Imagine that world, Jesus is saying, and you will see why I welcome tax collectors and sinners to the table. The whole parable throws the normative and conventional values of the Pharisees and scribes into kilter. They can’t imagine tax collectors and sinners being transformed. They can’t imagine a prophet defiling the table like this. They can’t imagine using a shepherd or a woman for such a profound covenant action — welcoming to the table. They can’t imagine a shepherd abandoning 99 sheep to find one [but perhaps another shepherd caring for the 99 is just not mentioned]; they can’t imagine a woman scouring a home for such small value. They can’t imagine either a shepherd or a woman throwing parties for such things.
Jesus can. Welcome to the imagined world of Jesus.
What prevents us such invitations? and even from offending similar religious sensibilities?


15:1 Now all the tax collectors and sinners were coming to hear him. 15:2 But the Pharisees and the experts in the law were complaining, “This man welcomes sinners and eats with them.”

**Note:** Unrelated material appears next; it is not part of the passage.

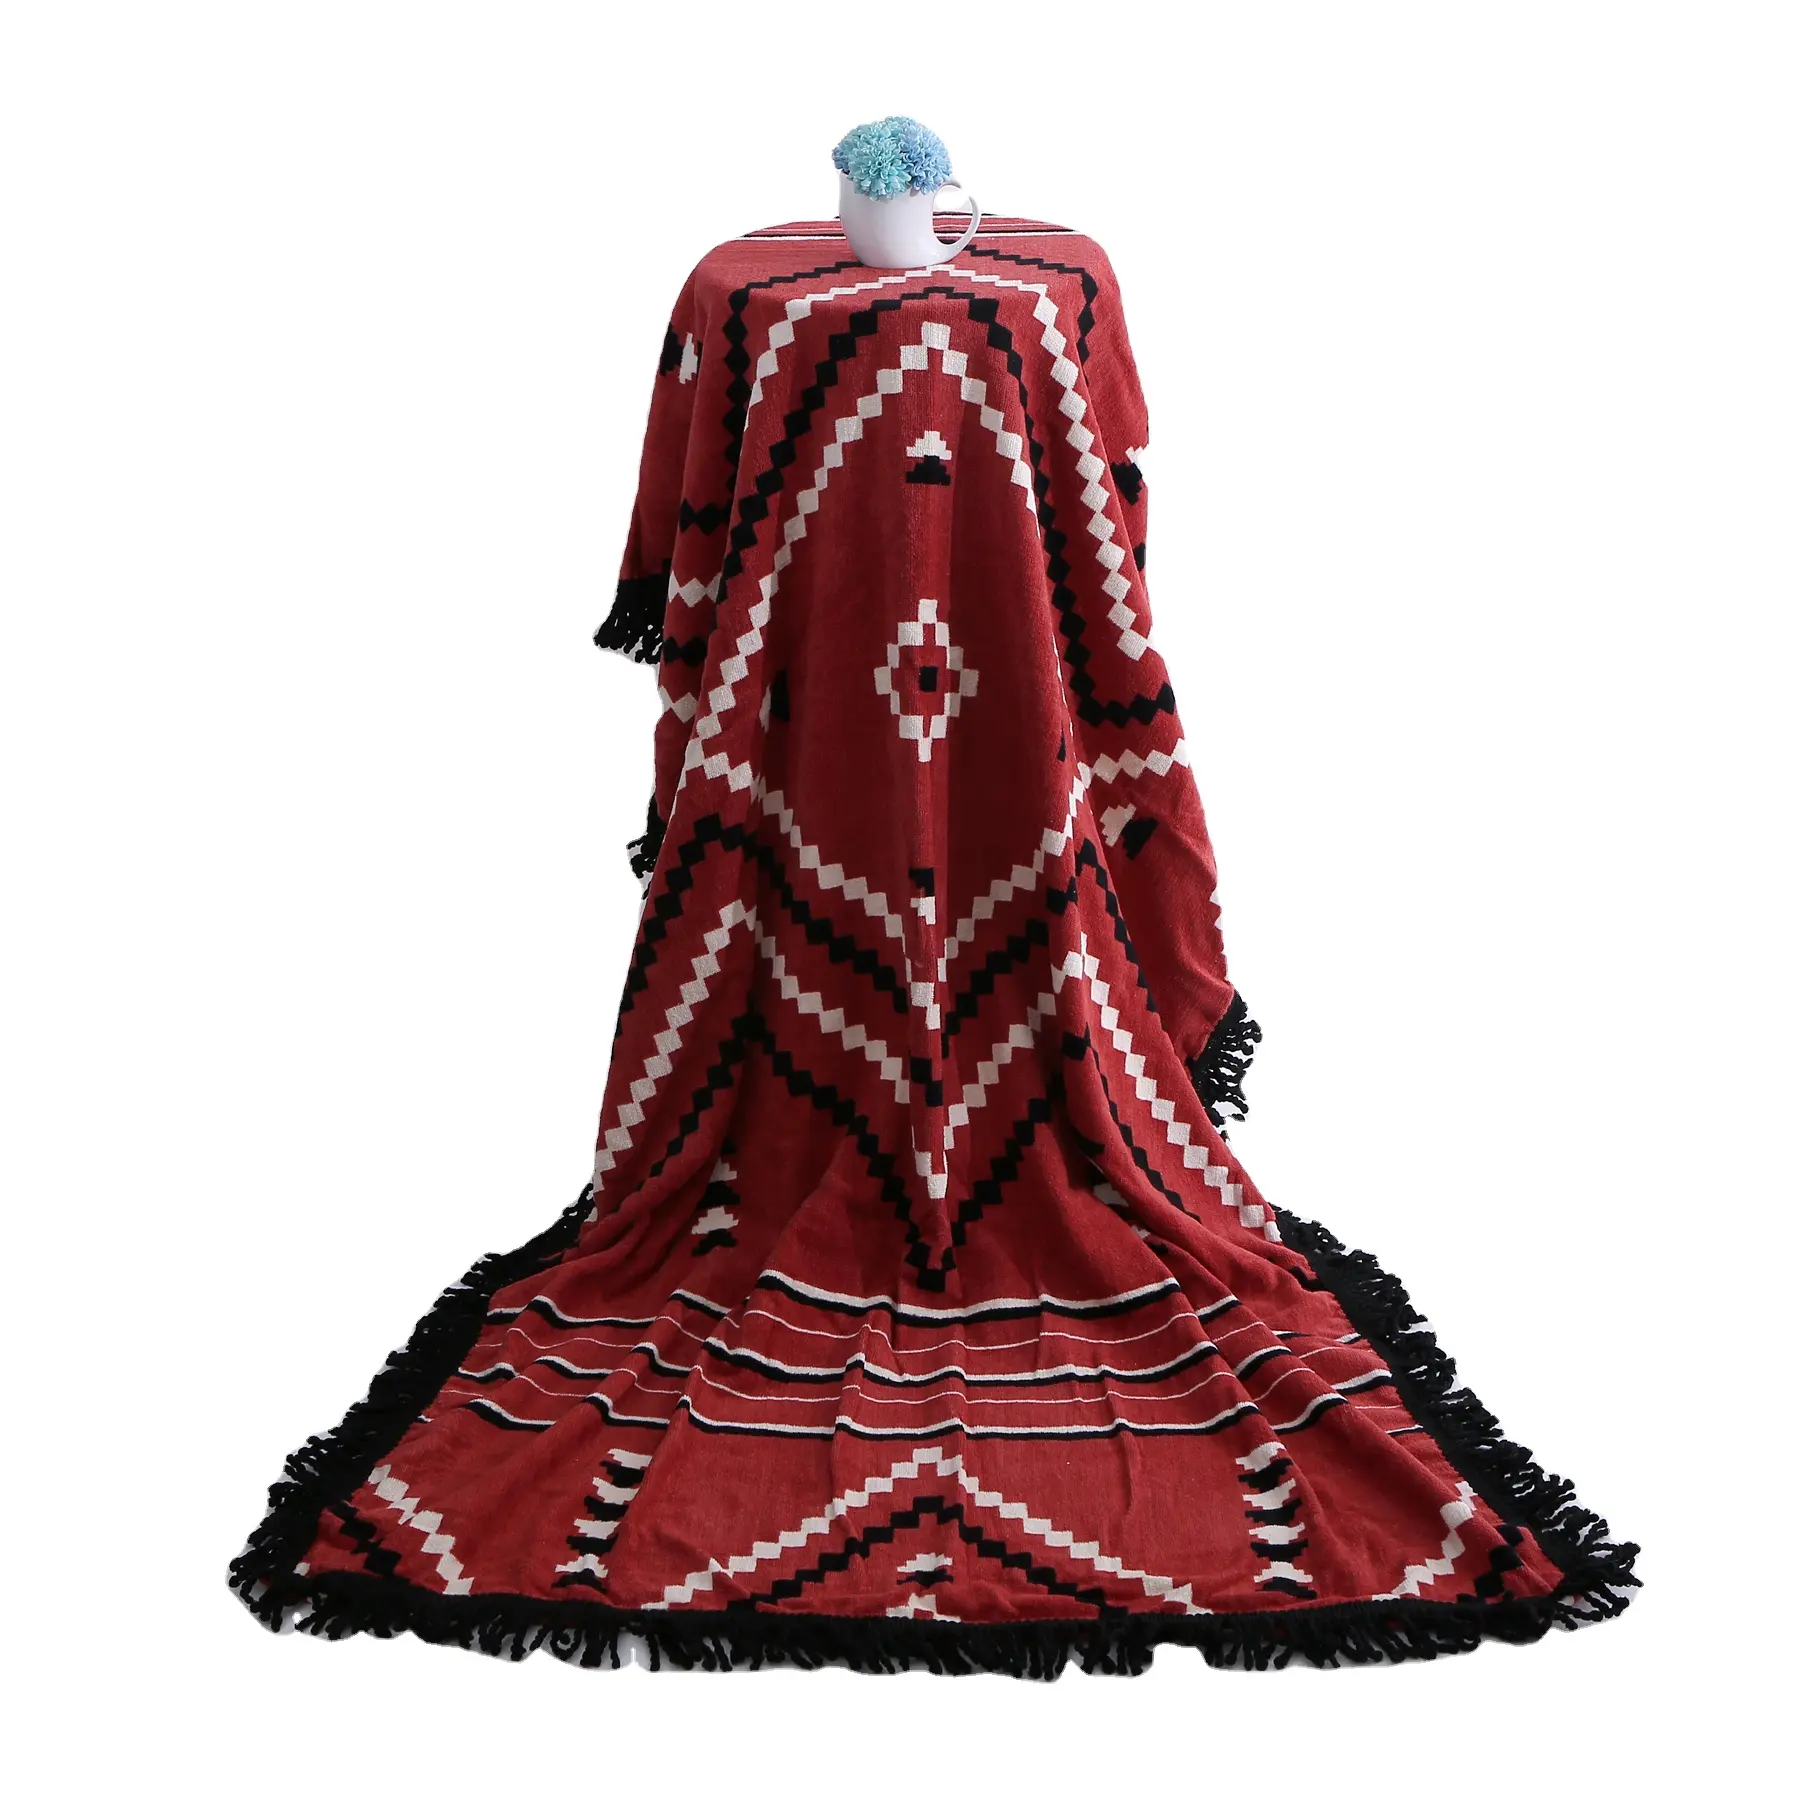 Hochwertiges rechteckiges rotes individuelles großes Szie Jacquard bedrucktes Taschentuch 100 % Baumwolle bad türkisches Strandtuch

15:3 So Jesus told them this parable: 15:4 “Which one of you, if he has a hundred sheep and loses one of them, would not leave the ninety-nine in the open pasture and go look for the one that is lost until he finds it? 15:5 Then when he has found it, he places it on his shoulders, rejoicing. 15:6 Returning home, he calls together his friends and neighbors, telling them, ‘Rejoice with me, because I have found my sheep that was lost.’ 15:7 I tell you, in the same way there will be more joy in heaven over one sinner who repents than over ninety-nine righteous people who have no need to repent.

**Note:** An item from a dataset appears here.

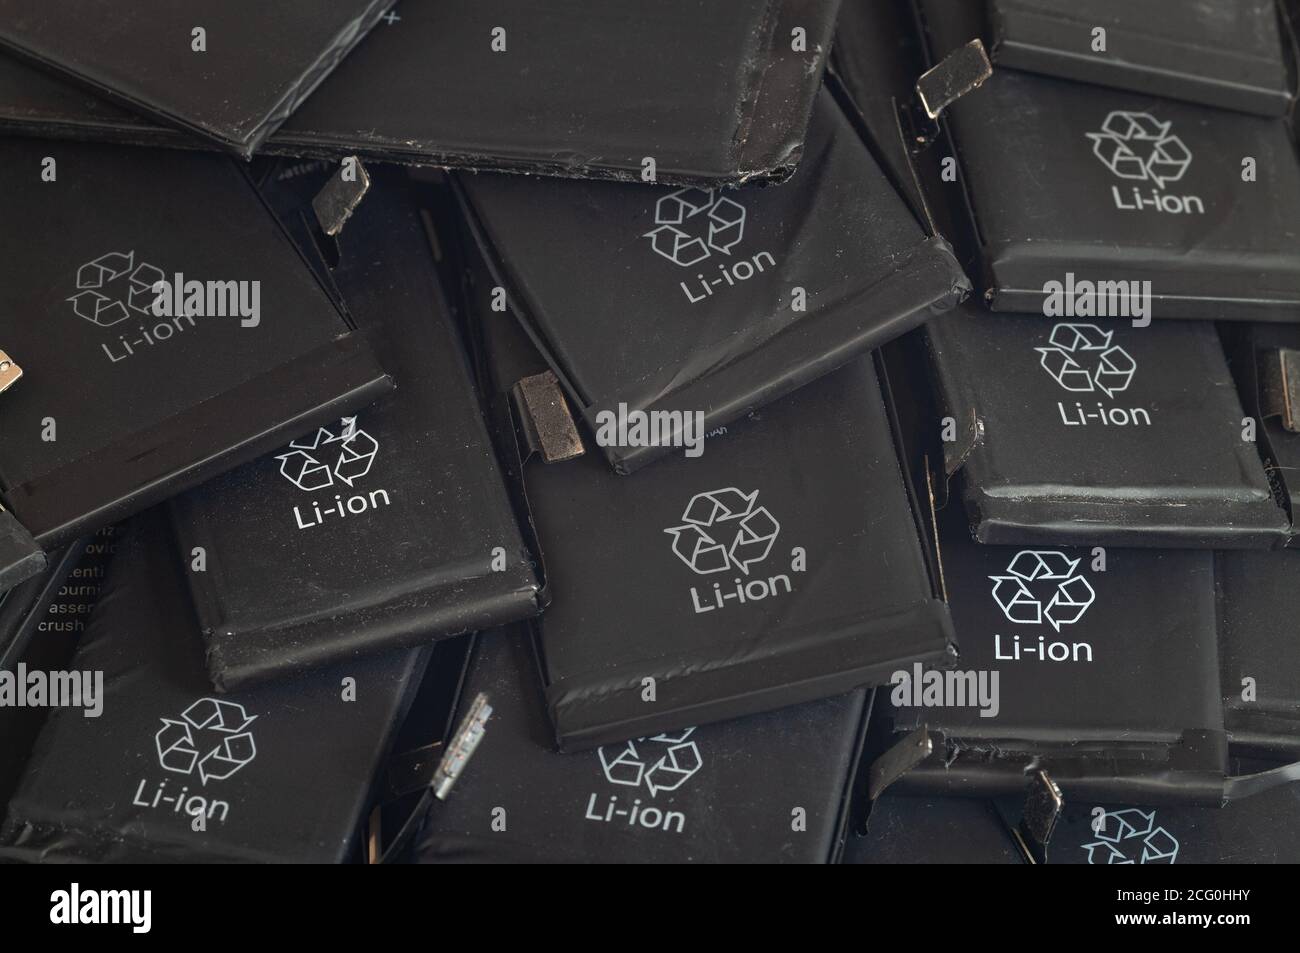 Gros plan des anciennes batteries lithium polymère de mobile préparation des téléphones pour le recyclage Banque D'Images

15:8 “Or what woman, if she has ten silver coins and loses one of them, does not light a lamp, sweep the house, and search thoroughly until she finds it? 15:9 Then when she has found it, she calls together her friends and neighbors, saying, ‘Rejoice with me, for I have found the coin that I had lost.’ 15:10 In the same way, I tell you, there is joy in the presence of God’s angels over one sinner who repents.”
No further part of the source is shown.